Examples of the above network include, but are not limited to, the
Internet, an intranet, a local area network, a mobile communication
network, and combinations thereof.
[0190] The electronic device for implementing the method may
further include: an input device 603 and an output device 604. The
processor 601, the memory 602, the input device 603, and the output
device 604 may be connected through a bus or in other manners. In
FIG. 6, the connection through the bus is taken as an example.

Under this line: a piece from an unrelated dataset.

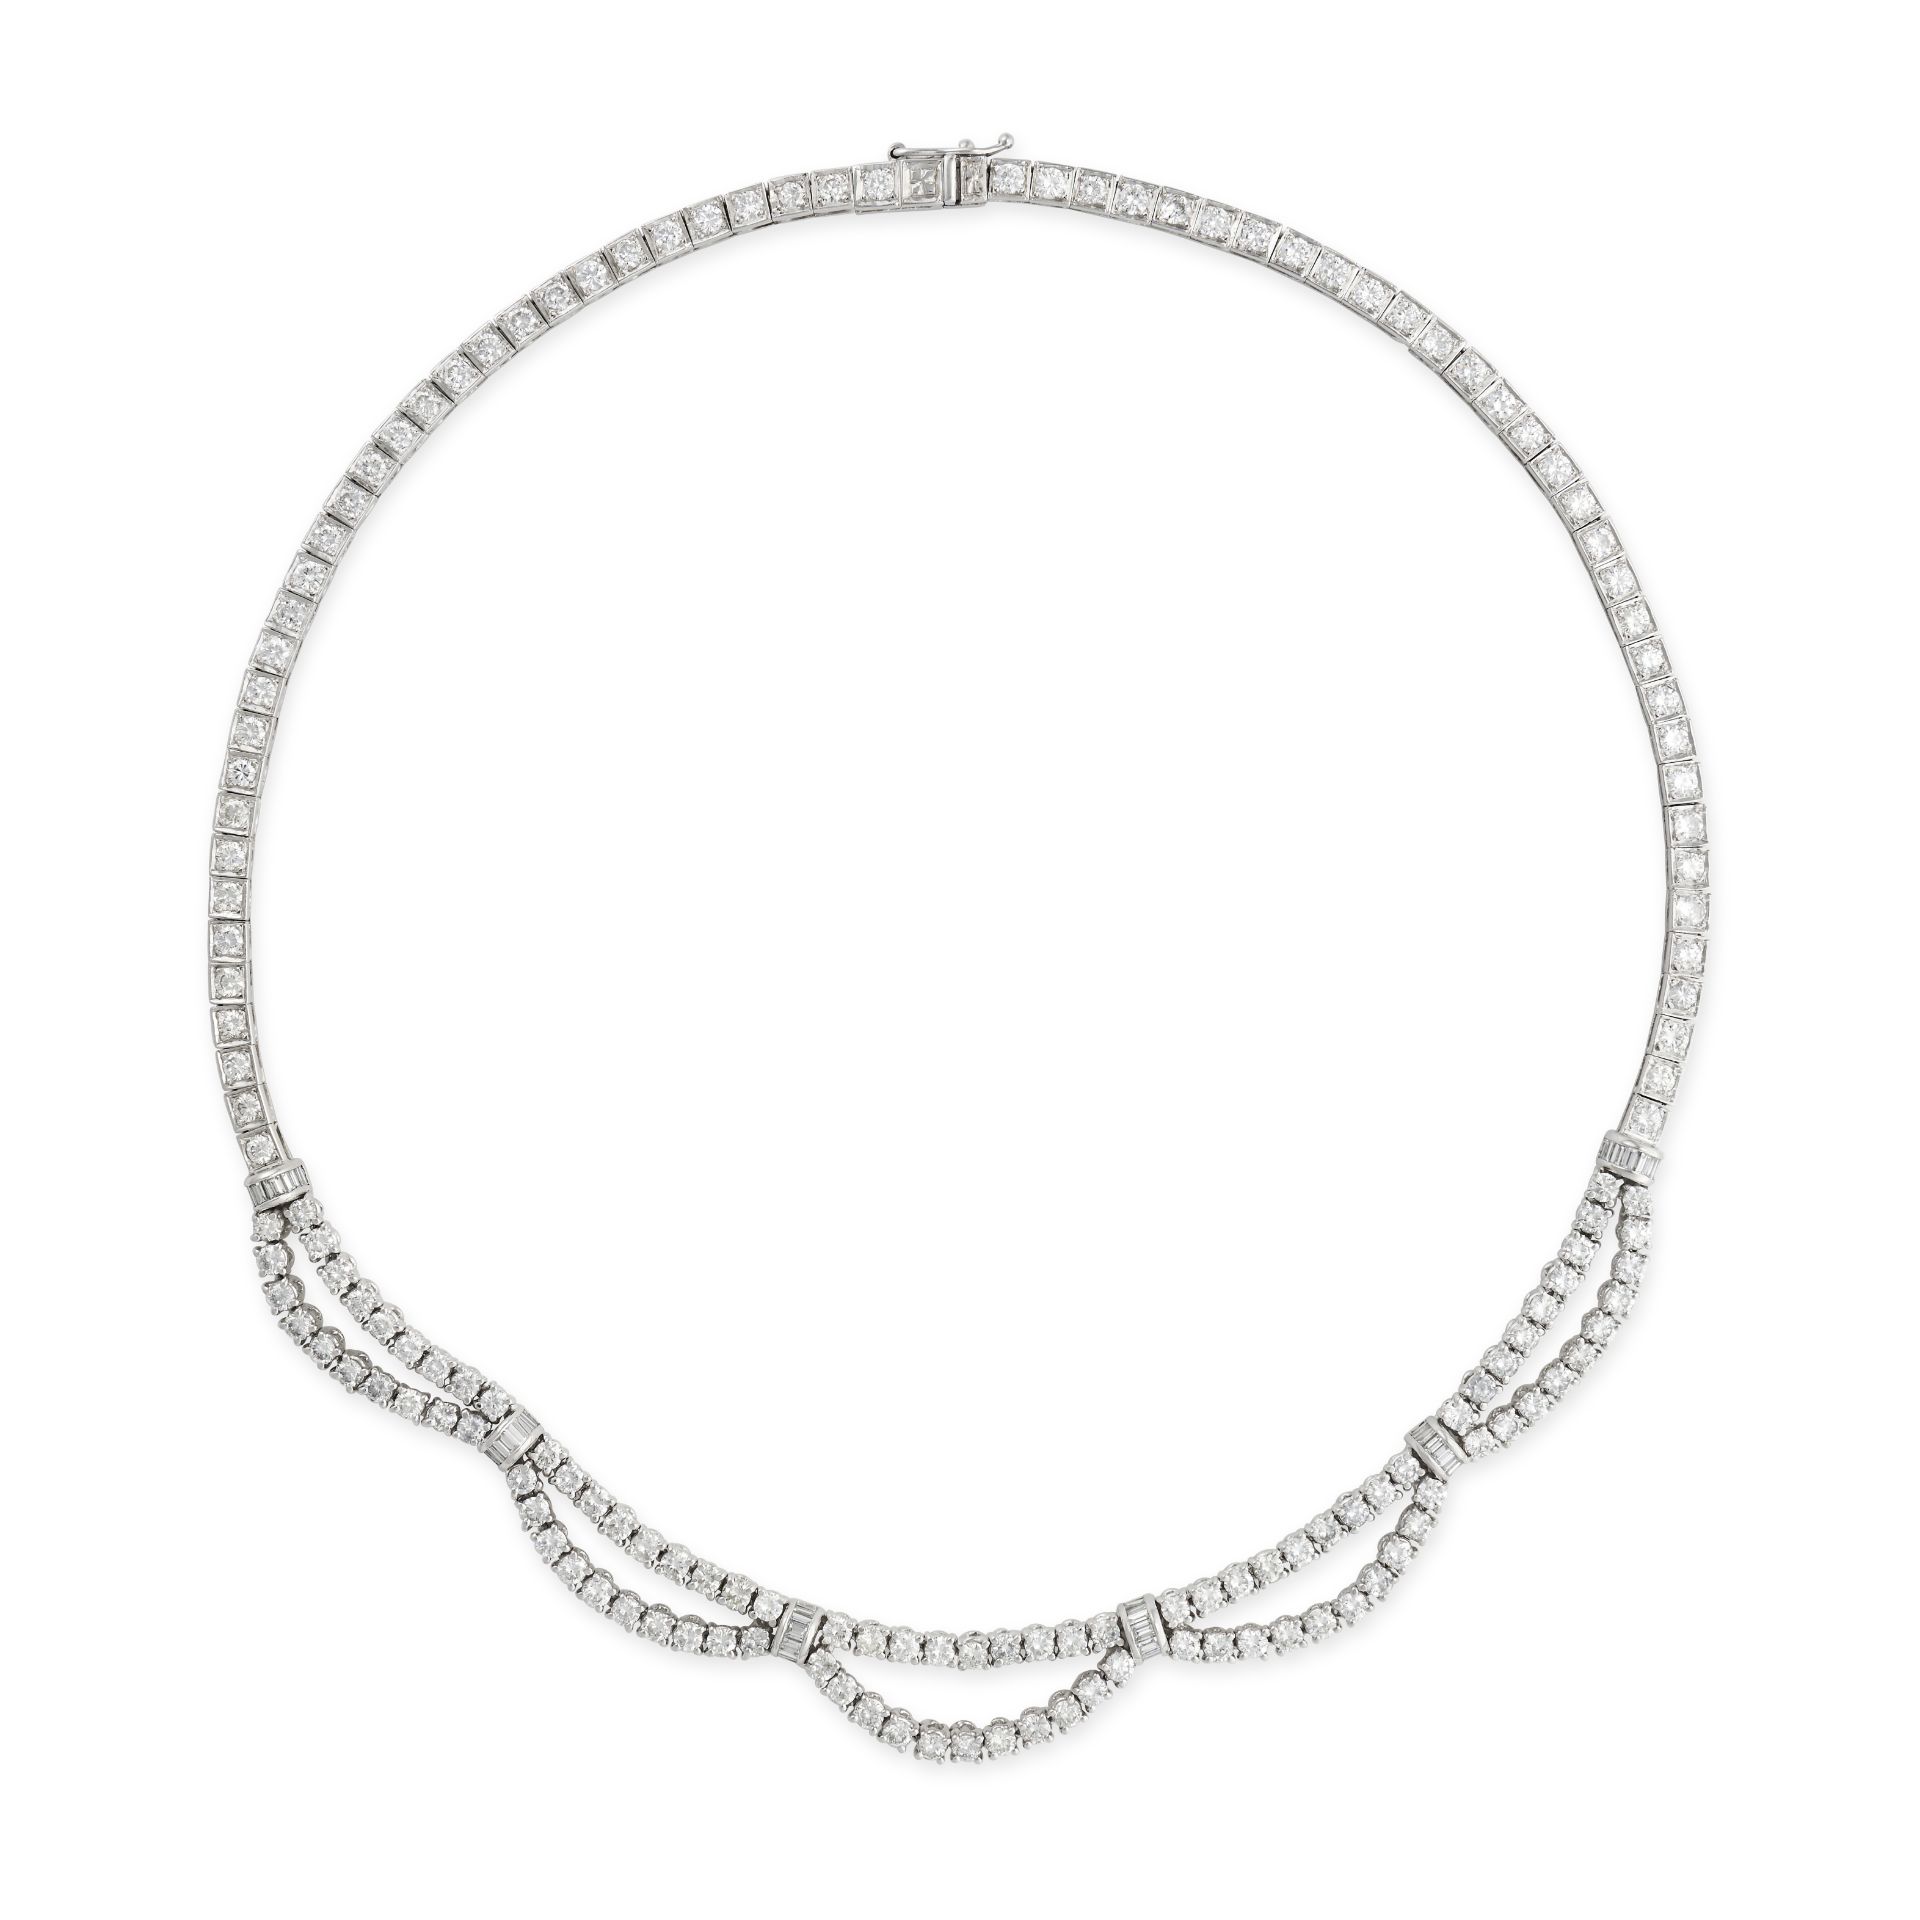 A DIAMOND NECKLACE in 18ct white gold, comprising a row of round brilliant cut diamonds, suspendi...

[0191] The input device 603 may receive inputted numeric or
character information, and generate key signal inputs related to
user settings and function control of an electronic device for
implementing the method, such as a touch screen, a keypad, a mouse,
a trackpad, a touchpad, an indication rod, one or more mouse
buttons, trackballs, joysticks and other input devices. The output
device 604 may include a display device, an auxiliary lighting
device (for example, an LED), a haptic feedback device (for
example, a vibration motor), and the like. The display device may
include, but is not limited to, a liquid crystal display (LCD), a
light emitting diode (LED) display, and a plasma display. In some
embodiments, the display device may be a touch screen.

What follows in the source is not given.